SSLNT Women's College is a women's college in Dhanbad, Jharkhand, India. It offers intermediate and bachelor's degree courses in arts, science and commerce, as well as postgraduate courses in home science and B.Ed. Intermediate courses are conducted under the Jharkhand Academic Council, while degree and postgraduate courses are affiliated with Binod Bihari Mahto Koyalanchal University, Dhanbad.

== History ==

The foundation of the main college building was laid by His Excellency the Governor & Chancellor of Bihar on 27 August 1962 Sri. Anant S.Iyengar. The main building of the college was inaugurated by the Hon. Late Smt. Indira Gandhi on 11 July 1965, the then Information & Broadcasting Minister of India. The college was affiliated with Bihar University in 1960. In 1961 the college became a part of the Ranchi University. In 1975 the college became a constituent unit of the Ranchi University. In 1992 the college was included in the newly founded Vinoba Bhave University. This college is now affiliated with Binod Bihari Mahto Koyalanchal University.

== Courses ==

=== Intermediate ===
- Arts
- Science
- Commerce

=== Degree courses in arts (Hons. & Gen.) ===
- Hindi, Bengali, English, Sanskrit, Urdu
- Music, Economics, History, Pol.

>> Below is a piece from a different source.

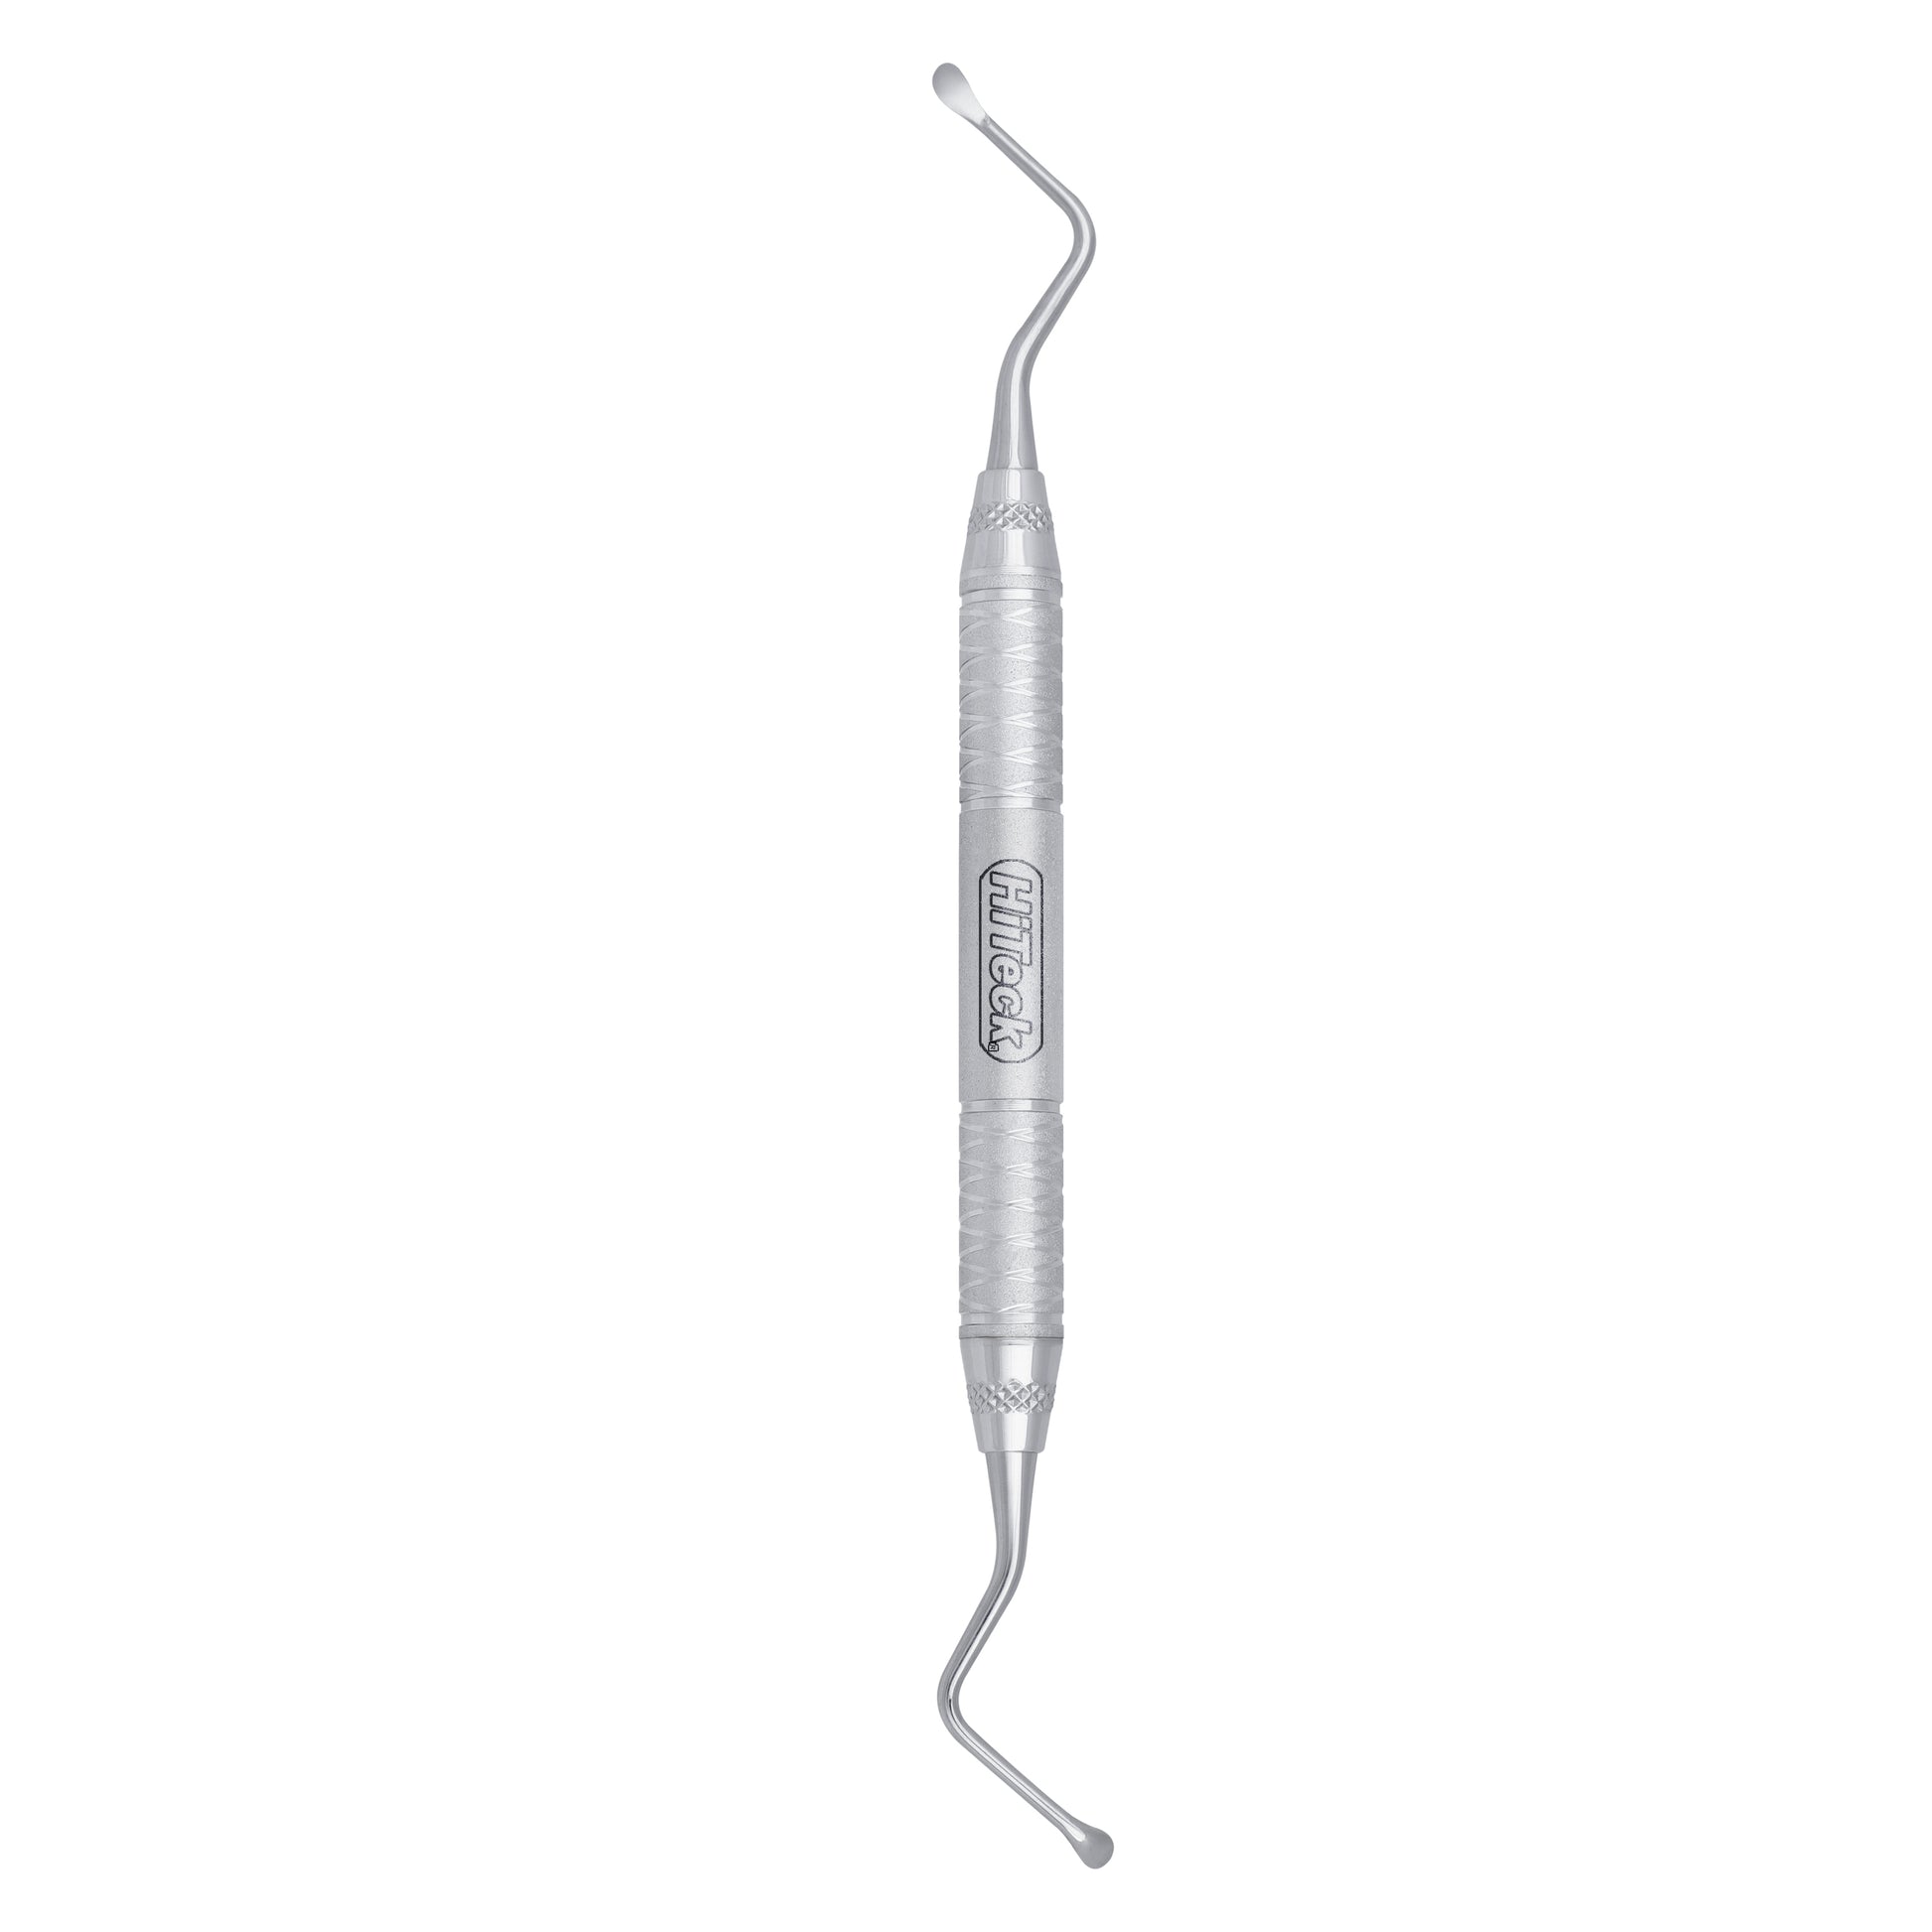 87 Lucas Spoon Shape Surgical Curette, 3.5MM - HiTeck Medical Instruments

Sc., Philosophy, Psychology
- Mathematics
- Home Science

=== Degree courses in science (Hons. & Gen.) ===
- Chemistry
- Physics
- Mathematics
- Zoology
- Botany

=== Degree courses in commerce (Hons. & Gen.) ===
- Accountancy (Hons.)

=== Post-graduate courses in arts ===
- Home Science, History, Political Science,

=== Self-financing courses ===
- B.Ed.

=== Certificate courses ===
BBA in Tourism Management.

== Clubs ==
- Research and Development Cell
- Self Development Center
- Art Forum
- Literary Circle
- Group Discussion Cell
- Nature Club
- Photography Club
- Science Club
- Alumni Association
- NSS
- NCC

== Infrastructure ==
- 2 administrative buildings
- 3 hostels
- Staff quarters
- Laboratories
- Canteen
- Library

== Accreditation ==
SSLNT Women's College was awarded a 'B' grade by the National Assessment and Accreditation Council (NAAC).